▸ **EXERCISE OBJECTIVE**: For the records that follow, please set down exactly the lines between the one holding "Gioca operatore telefonico Polonia" and the one holding "Piso antiderrapante de", inclusive, and only those.

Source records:
——————————
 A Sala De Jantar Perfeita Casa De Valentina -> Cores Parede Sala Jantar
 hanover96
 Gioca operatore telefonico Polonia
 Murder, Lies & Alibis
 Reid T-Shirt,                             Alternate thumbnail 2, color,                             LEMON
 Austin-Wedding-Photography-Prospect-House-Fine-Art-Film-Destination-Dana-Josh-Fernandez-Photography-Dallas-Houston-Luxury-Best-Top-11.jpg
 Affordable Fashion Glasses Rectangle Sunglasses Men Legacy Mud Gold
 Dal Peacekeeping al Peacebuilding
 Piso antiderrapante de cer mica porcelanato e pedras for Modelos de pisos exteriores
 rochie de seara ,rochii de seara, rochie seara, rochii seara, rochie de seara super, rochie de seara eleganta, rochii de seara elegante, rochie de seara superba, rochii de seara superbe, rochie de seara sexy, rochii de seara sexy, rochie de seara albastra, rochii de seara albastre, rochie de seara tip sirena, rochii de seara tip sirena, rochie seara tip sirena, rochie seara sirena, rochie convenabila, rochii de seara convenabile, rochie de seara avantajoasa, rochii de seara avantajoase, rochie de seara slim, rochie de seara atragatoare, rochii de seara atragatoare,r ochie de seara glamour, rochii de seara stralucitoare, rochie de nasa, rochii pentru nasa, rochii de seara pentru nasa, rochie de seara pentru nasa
——————————
▸ **TASK OUTPUT**:
 Gioca operatore telefonico Polonia
 Murder, Lies & Alibis
 Reid T-Shirt,                             Alternate thumbnail 2, color,                             LEMON
 Austin-Wedding-Photography-Prospect-House-Fine-Art-Film-Destination-Dana-Josh-Fernandez-Photography-Dallas-Houston-Luxury-Best-Top-11.jpg
 Affordable Fashion Glasses Rectangle Sunglasses Men Legacy Mud Gold
 Dal Peacekeeping al Peacebuilding
 Piso antiderrapante de cer mica porcelanato e pedras for Modelos de pisos exteriores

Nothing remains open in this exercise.